Кухня, само собой, была красиво оформлена: тумбы с бело-голубым плиточным верхом, медные ручки, антикварная плита. Сахара сидела у раковины, демонстрируя свой изящный африканский профиль. Когда все разойдутся, ей дадут вылизать тарелки, но это секрет, а она умеет хранить секреты.

Джослин споласкивала бокалы. В городе была такая жесткая вода, что в посудомоечной машине они наверняка поцарапаются, приходилось мыть руками.

— Ходячий труп, — ответила Сильвия. — Знаешь, как раньше Дэниел меня злил? Оказывается, я была очень счастлива замужем. Тридцать два года. Как будто сердце вырвали из груди. Кто бы мог подумать?

Джослин поставила бокал и взяла холодные руки Сильвии в свои скользкие, мыльные ладони:

— Я все эти годы очень счастлива не замужем. Все будет хорошо.

Только сейчас она поняла, что тоже теряет Дэниела. Она не отказалась от него — просто дала попользоваться. А между тем, пока Джослин разводила собак, протирала лампочки и читала книги, Дэниел собрал вещи и уехал.

— Я тебя очень люблю, — сказала она Сильвии.

— И как я могла забыть, что большинство браков заканчивается разводом? — спросила Сильвия. — Остен этому не учит. У нее в конце всегда свадьба или две.

Тут появились Аллегра, Пруди и Бернадетта, с кофейными чашками, салфетками и тарелками. Возможно, из-за слов Сильвии это чем-то напоминало свадебную процессию. Золотистый свет отражается в окнах. Снаружи молчаливый туман. Женщины заходят в кухню одна за другой, держа перед собой грязную посуду. Наконец мы снова в сборе.

Le monde est le livre des femmes[8], — объявила Пруди.
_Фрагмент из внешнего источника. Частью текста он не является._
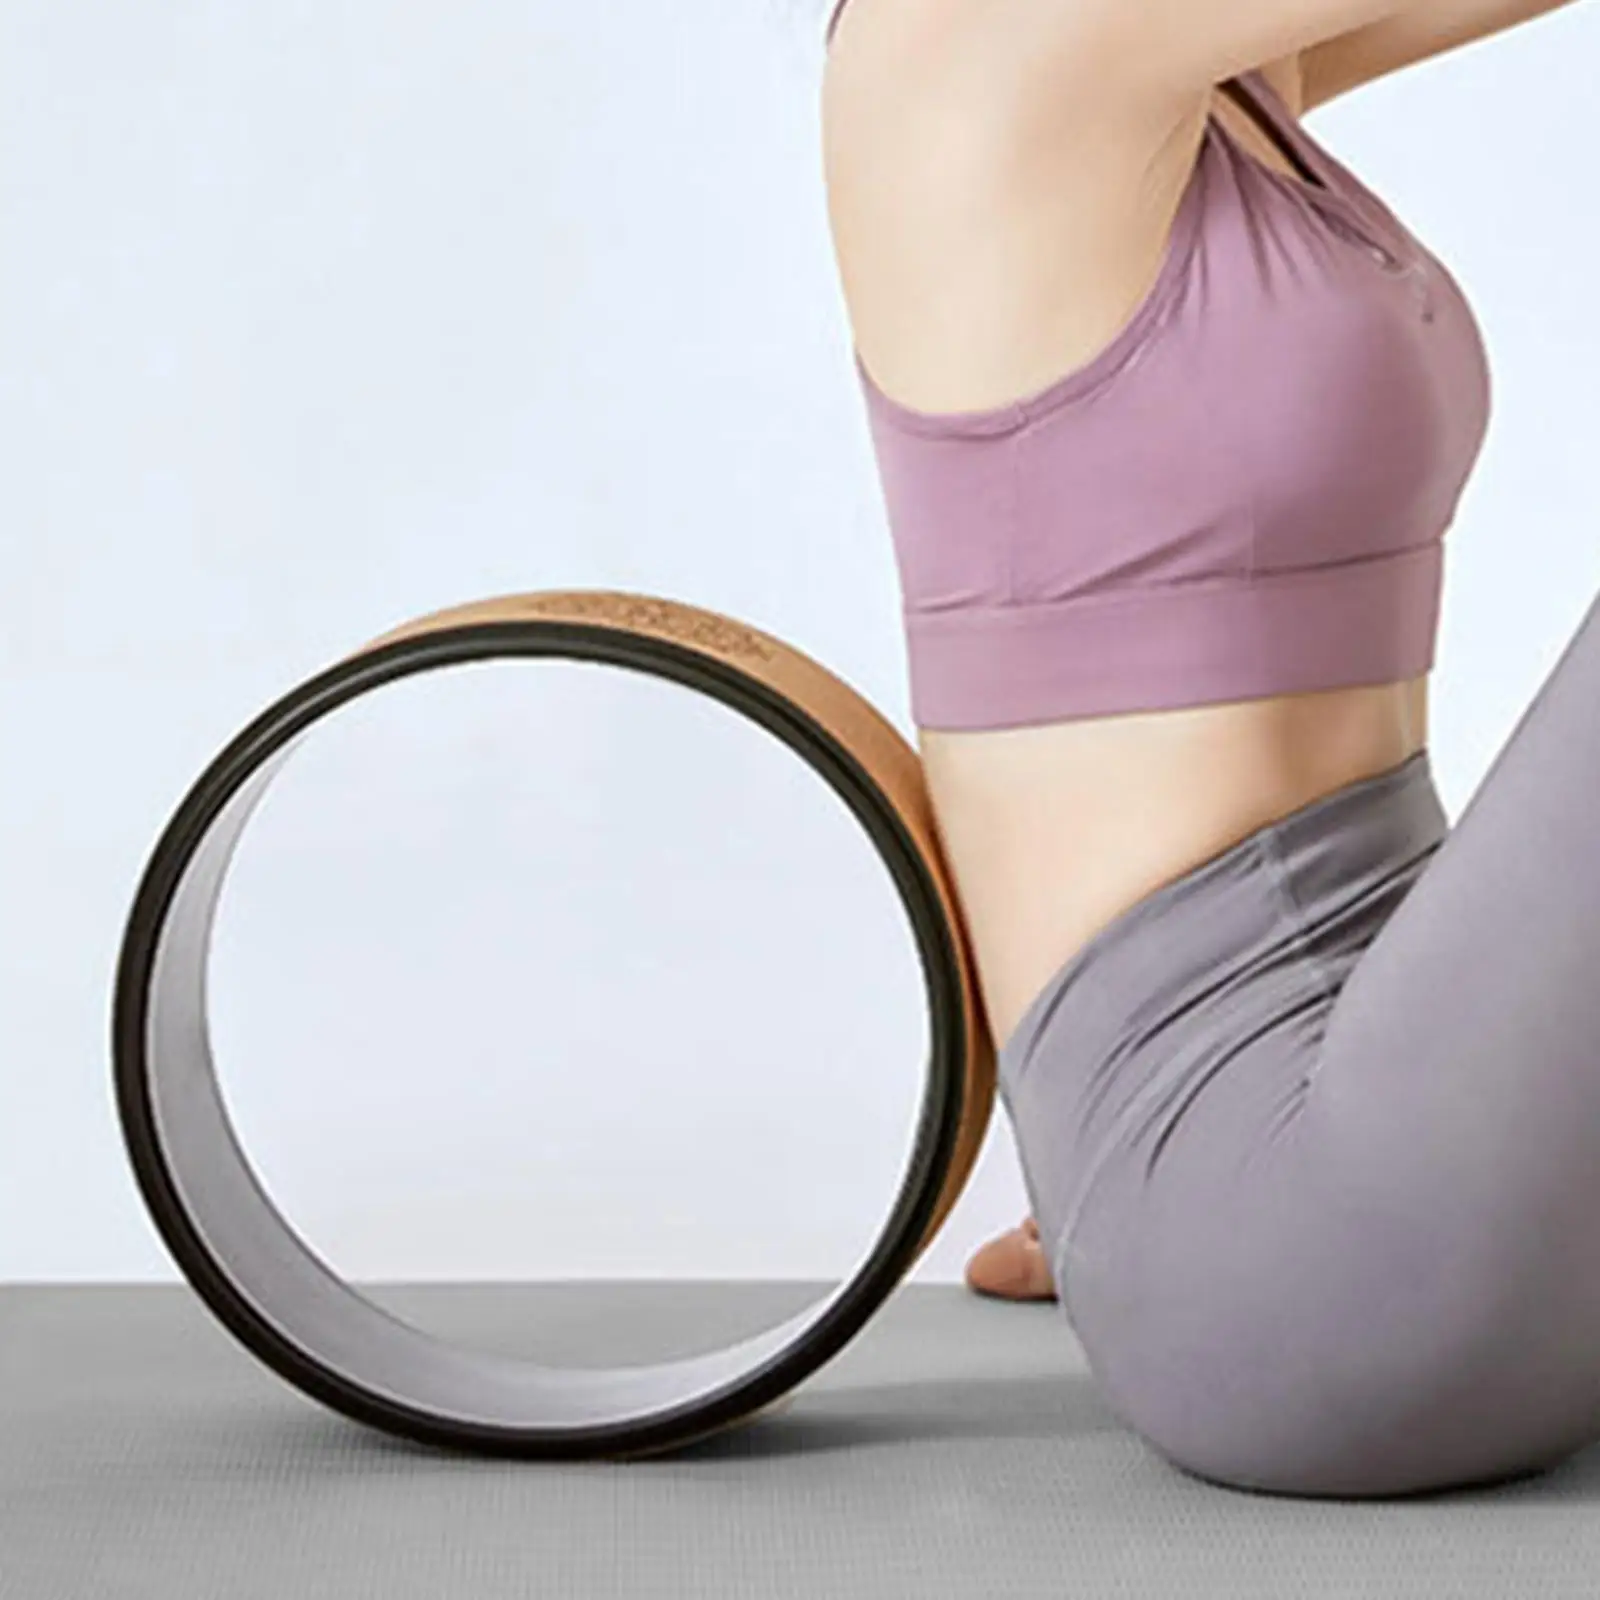 Circle Equipment Flexibility Stretching Durable Balance Wheel for Gym Sports

Бог знает к чему. Может, и всерьез, губы все-таки остались видны — если это не очередная ирония. Так или иначе, вежливого ответа мы не придумали.

— Моя драгоценная, любимая Сильвия, — сказала Джослин. Крошечная, женственная капелька слюны упала изо рта Сахары на каменный пол. Наши вилки и ложки в раковине сползли под мыльную пену. Аллегра обняла мать и положила ей голову на плечо. — Это еще не конец.

Джослин рассказывает о выставке собак:

Как правило, для начала судья просит всех владельцев провести собак по рингу и выстроить в линию вдоль барьера. Пока собаки идут, судья стоит в центре и оценивает грацию, пропорции, здоровье.



Когда собаки занимают наиболее выгодную стойку, судья лично проверяет прикус, глубину грудной клетки, упругость ребер, угол плеча, шерсть и выставочную кондицию. У самцов надо вручную удостовериться в наличии двух яичек.

Потом владельцы опять водят собак, теперь уже по очереди: сначала от судьи, чтобы тот оценил их сзади, затем обратно к нему, для осмотра спереди. Судья ищет дефекты в движениях: правильно ли собака идет, не слишком ли сближает лапы? Какая у нее походка: свободная или скованная, легкая или зажатая? На финальных этапах судья может попросить, чтобы владельцы водили соперников в парах для непосредственного сравнения и выбора победителя.

На выставке собак в центре внимания чистопородность, экстерьер и темперамент, но все держат в уме деньги и селекцию.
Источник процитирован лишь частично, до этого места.